Write out each line below precisely, passing over the pictures.

# GIVEN MATERIAL:
━━━━

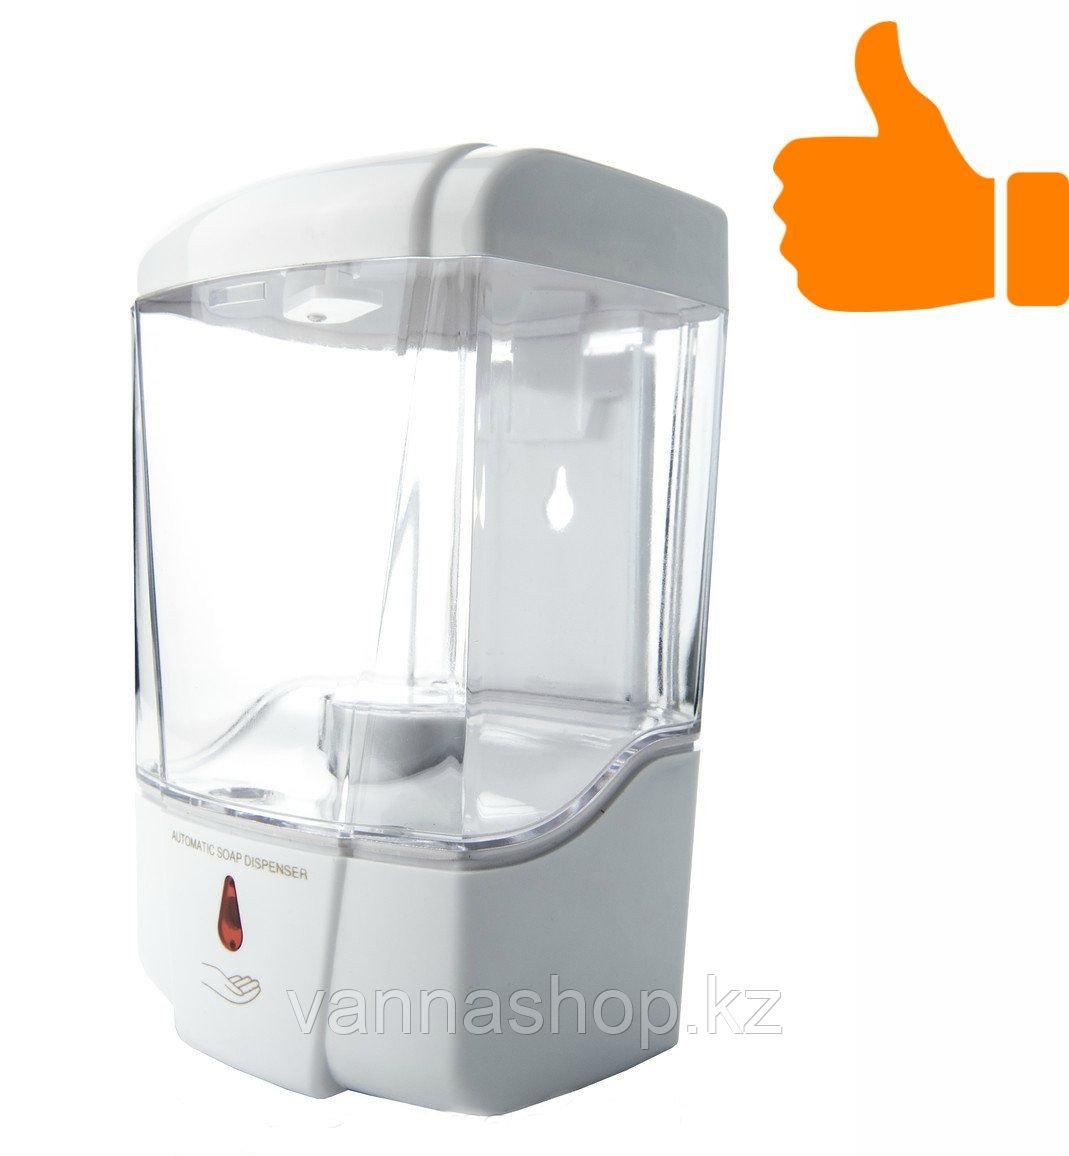 Дозатор (диспенсер) сенсорный для жидкого мыла прозрачный
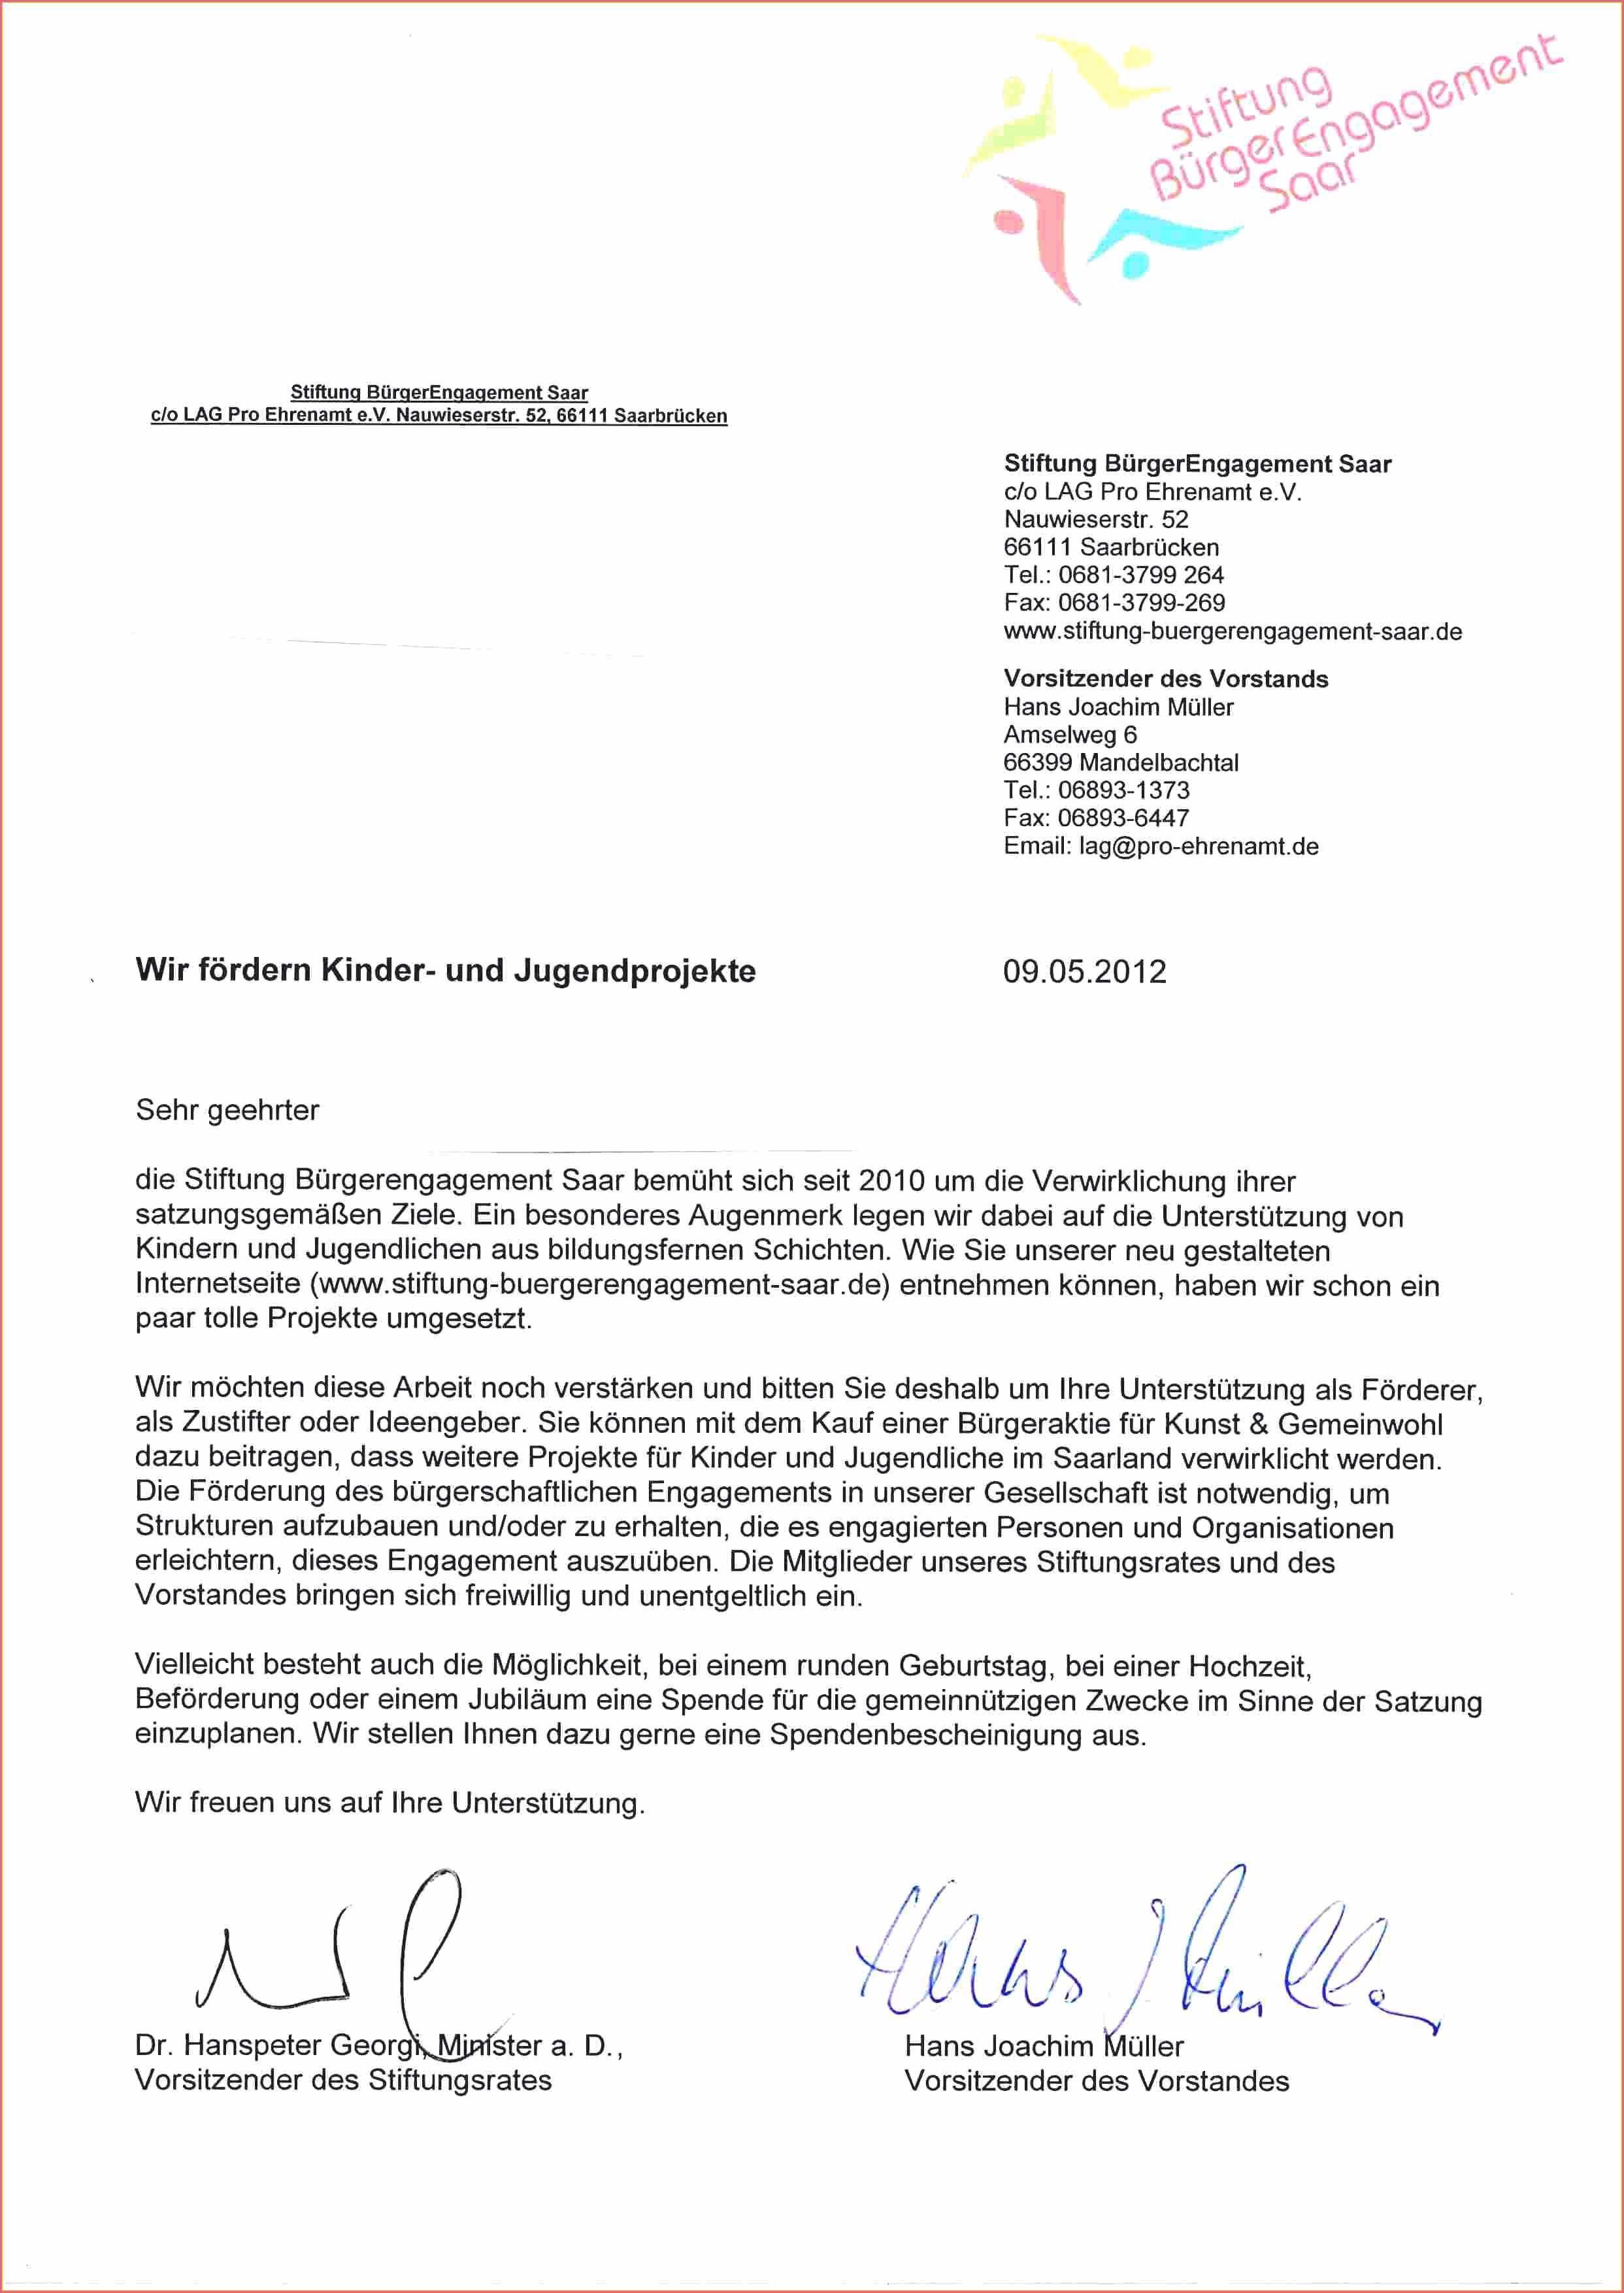 Antrag Auf Akteneinsicht Muster In 2020 Bewerbung Schreiben Deckblatt Bewerbung Vorlage Deckblatt Bewerbung
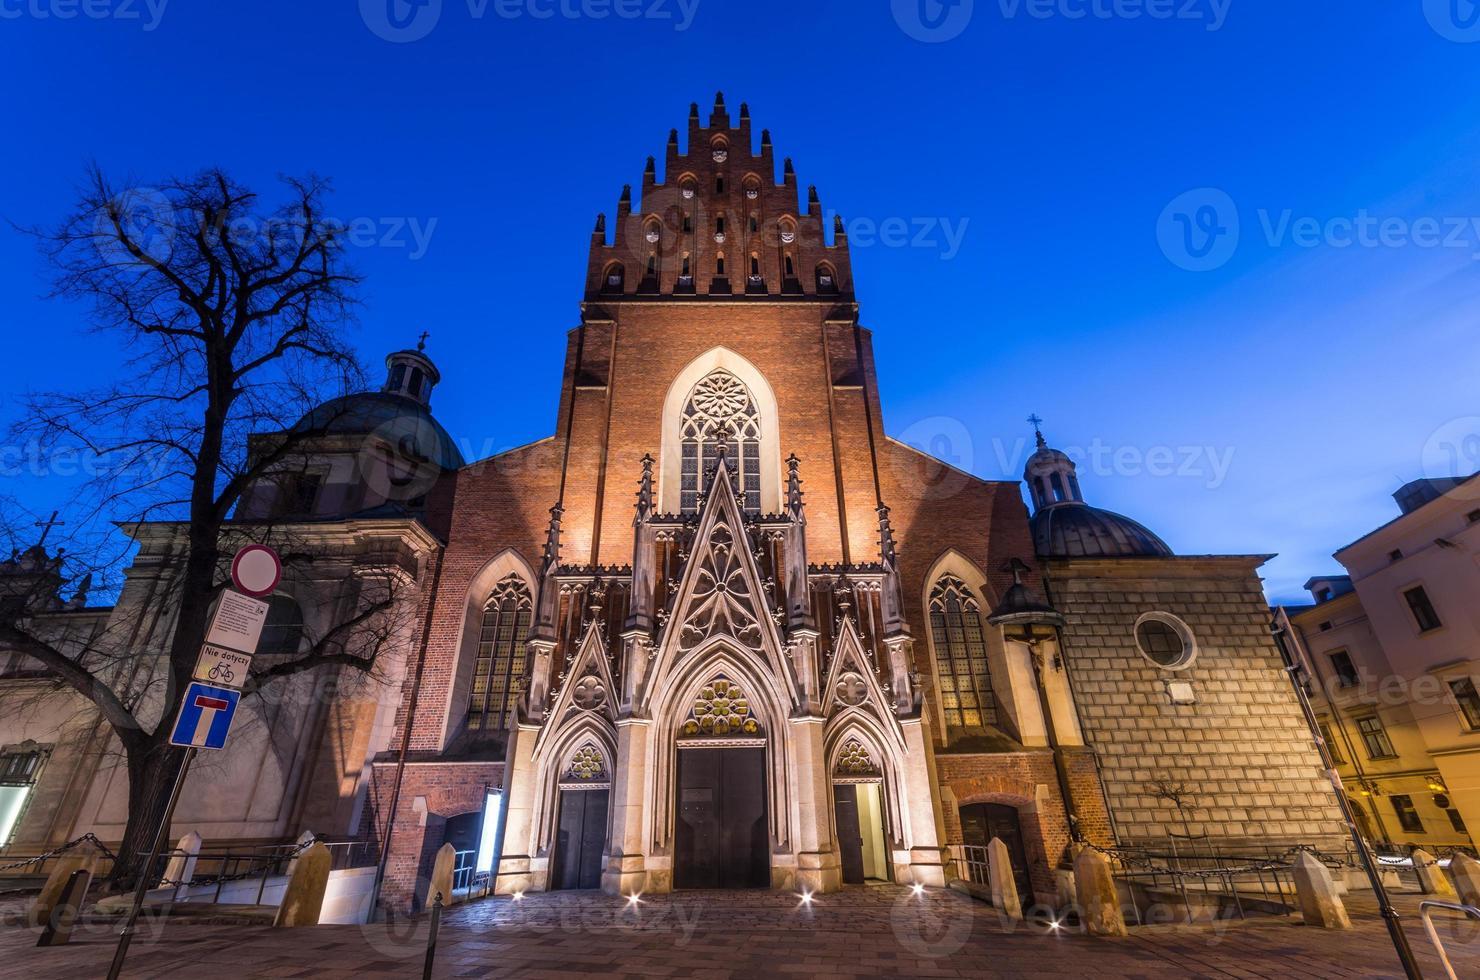 chiesa della santa trinità a cracovia foto
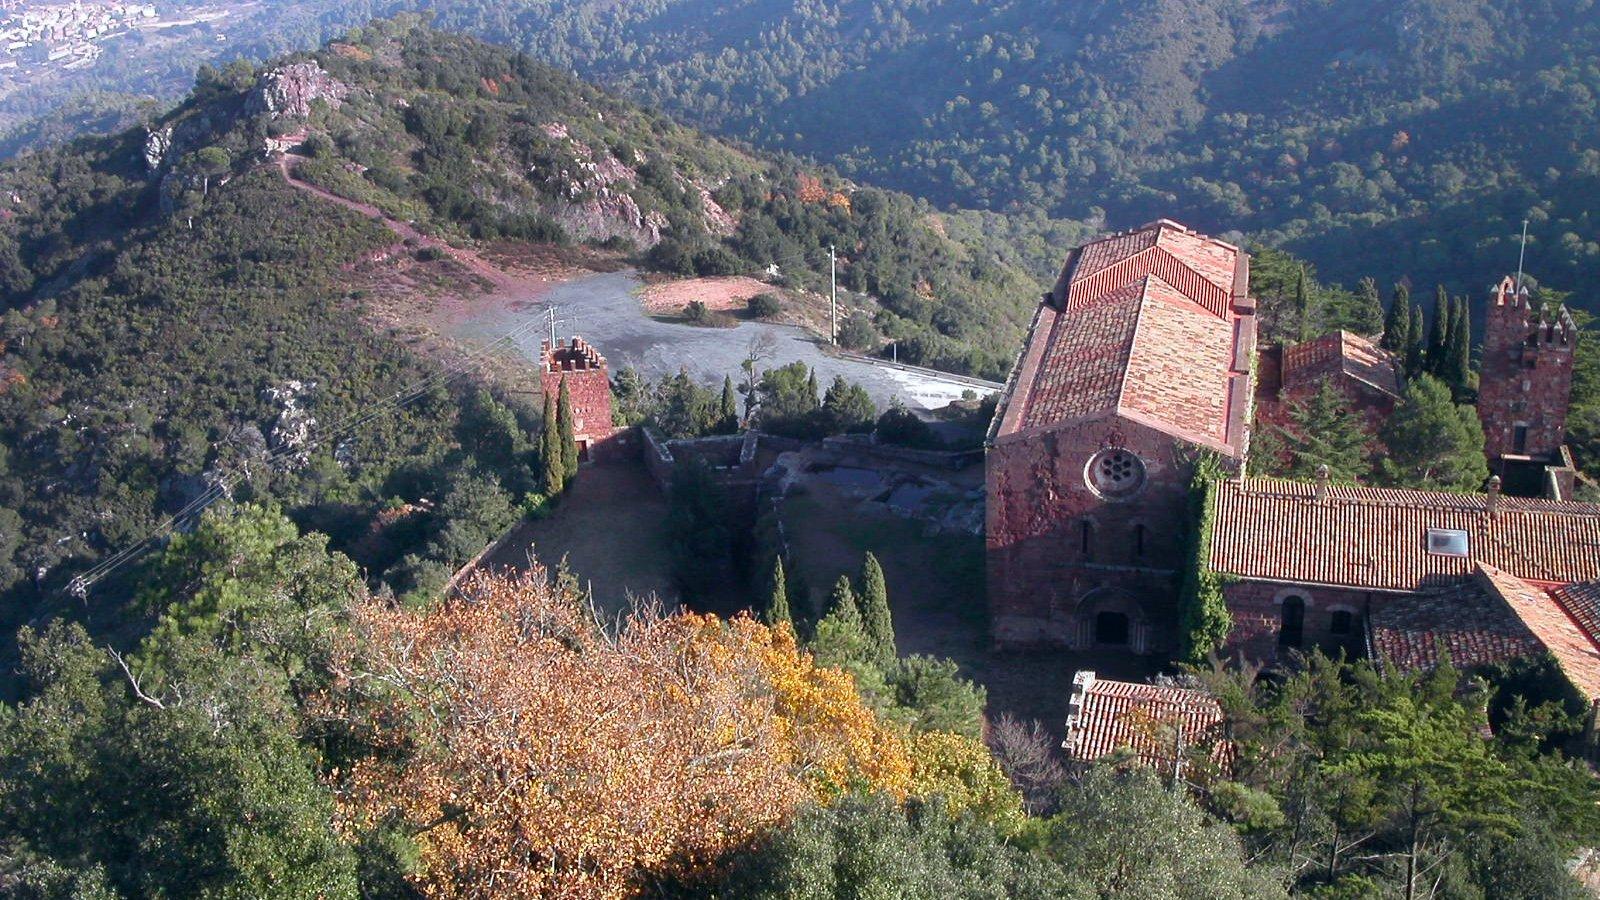 Castle Monastery of Escornalbou, Eduard Toda

━━━━

# TASK SOLUTION:
 Дозатор (диспенсер) сенсорный для жидкого мыла прозрачный
 Antrag Auf Akteneinsicht Muster In 2020 Bewerbung Schreiben Deckblatt Bewerbung Vorlage Deckblatt Bewerbung
 chiesa della santa trinità a cracovia foto
 Castle Monastery of Escornalbou, Eduard Toda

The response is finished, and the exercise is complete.